Всмотримся еще раз в происходящее. Dasein, переводимое иногда на русский как «здесьбытие», под воздействием времени начинает ис­пытывать величайшие трудности в различении «da» и «dort», «здесь» и «там». Подлинное (da) укрывается от контрразведки, и выстраи­вается «false self system», по выражению Ри­чарда Лэйнга; Я наигрывается в некотором другом месте — «там» (dort), и в эту наигранность, в эту ложную самопрезентацию посте­пенно переносится центр тяжести Я. Мое «da» незаметно мигрирует, и я внезапно оказыва­юсь «там» — ничего не поделаешь, «ибо где сокровище ваше, там будет и сердце ваше» (Матф. 6, 21). Обретение Dasein в Dortsein, бу­дучи предельным выражением парадокса шпи­она, есть коллизия гораздо более глубокая и запутанная, чем разборки господина и раба.
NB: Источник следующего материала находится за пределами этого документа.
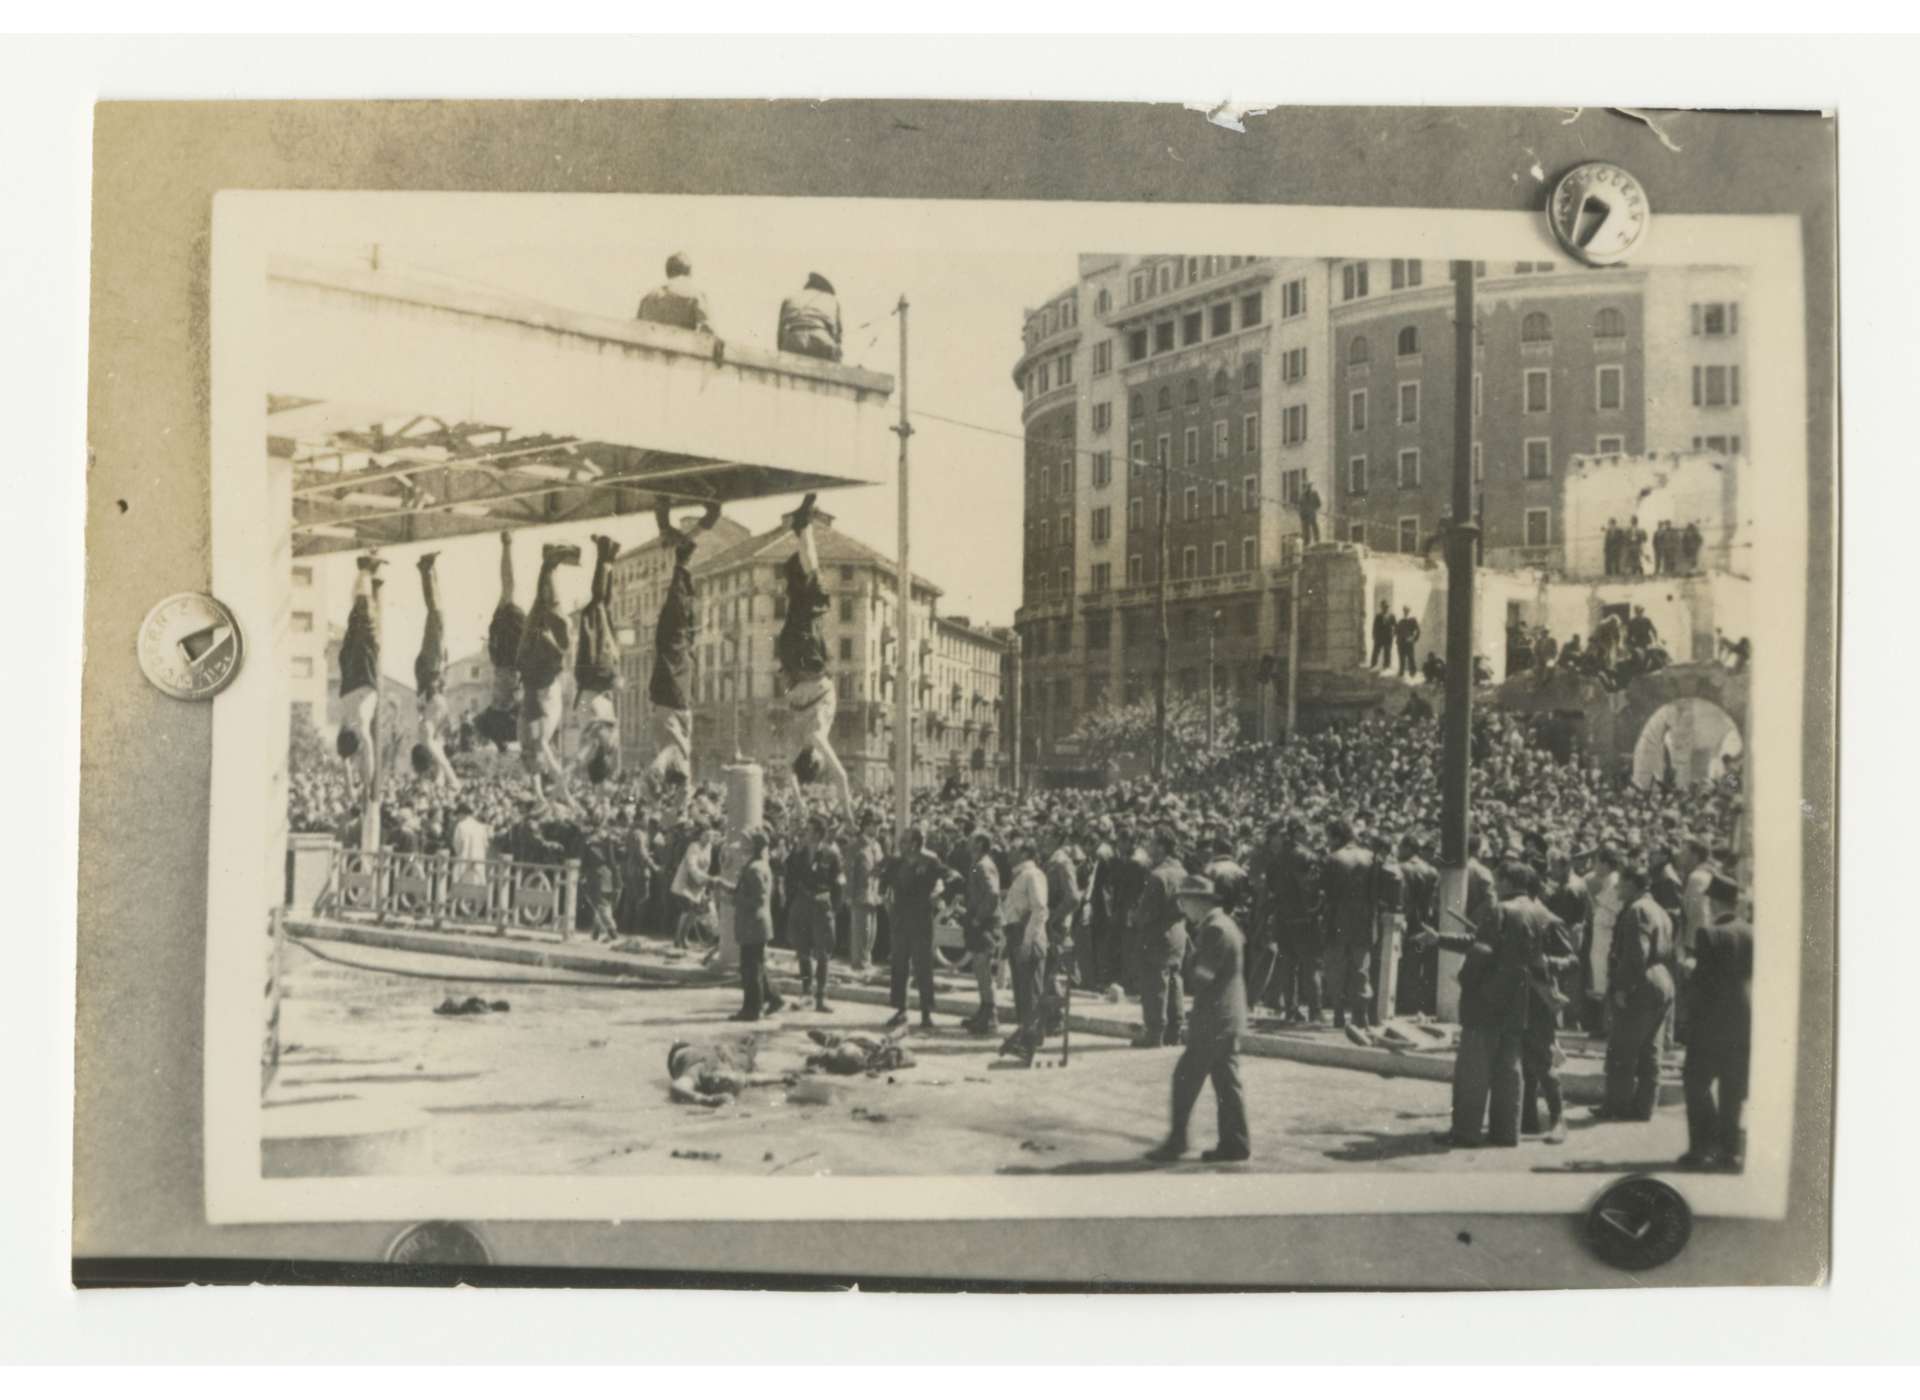 Corpses of Benito Mussolini and his compatriots exhibited at the Piazzale Loreto in Milan, April 29, 1945. Gift of Dorothy Poitevent, from the Collection of The National WWII Museum, 2007.243.189.

Мир переполнен агентами, с которыми никто так и не вышел на связь, (Хотя попытки наладить связь с Центром пред­принимались неоднократно: «...войди в комнату твою и, затворив дверь твою, помолись Отцу твоему, Кото­рый втайне; и Отец твой, видящий тайное, воздаст тебе явно» (Матф. 6, 6). — но именно это об­стоятельство прочнее всего связывает их друг с другом. Или, иначе, прочнее всего люди свя­заны друг с другом как враг с врагом.

Можно было бы подумать, что, проник­шись заботами инопланетян, лазутчик все же становится одним из них и со спокойной душой перестает осуществлять миссию, реализовывать призванность и т. д., одним словом, прекращает агентурную деятель­ность. Это верно лишь отчасти — матахари постепенно атрофируется, если не перехо­дит к двойной игре, штирлиц усыхает, пере­ставая получать шифровки из Центра. Тем не менее о достигнутом душевном спокой­ствии говорить не приходится. Хайдеггер справедливо предостерегает: «Это успокое­ние в ненастоящем бытии не соблазняет, од­нако, к бездеятельности и застойности, а вовлекает в разнузданность "хода собы­тий" (Weltlauf). Обреченность миру, таким образом, не обретает покоя. Искусительное успокоение усиливает обреченность пропа­дания».

Одной из тем самосознания становится те­ма предательства Духовной Родины, не за­глушаемая никаким фармаконом. Остается, правда, надежда, что хотя бы после смерти через своего Резидента (Мессию) призовет нас назад Отец наш небесный — ведь мы столько раз пытались выйти с ним на связь, — но передатчик не отвечал или передавал слишком неразборчивые инструкции. Психо­логия религии всегда пыталась описать это состояние, справедливо полагая, что именно здесь срабатывает «естественное религиоз­ное чувство» (в отличие от религиозной мысли).

Известное выражение «пора позаботить­ся и о душе» (о спасении) вполне может быть интерпретировано как явка с повинной. Шпион, загнавший себя в угол, добровольно сдается властям — притом, ввиду полной на­ступившей неразберихи между da и dort (окончательной запутанности своих и чу­жих), сдается первым попавшимся властям — хоть «Отцу, который втайне», хоть спец­службам Weltordnung. Спецслужбам такой материал, в принципе, не нужен (или нужен как выжатый лимон), у них есть задача и поваж­нее — удерживать еще активных агентов в со­стоянии законспирированности, т. е. воспроиз­водить самое динамичное, работоспособное подразделение общества. Есть основания пола­гать, что и горним властям пропавший лазут­чик не слишком нужен; скорее всего, в Центре его давно уже списали. При такой массовой заброске агентуры могут потеряться целые поколения. Ведь одно дело, когда связному (скажем, пастырю) удается отыскать заблуд­шую овцу и наставить ее на путь истинный — тут есть повод для радости, поскольку речь идет о шпионе, еще пригодном для диверсий и передаче разведданных; и другое дело, когда овца (а точнее, загнанная лошадь) ни на что больше не годится...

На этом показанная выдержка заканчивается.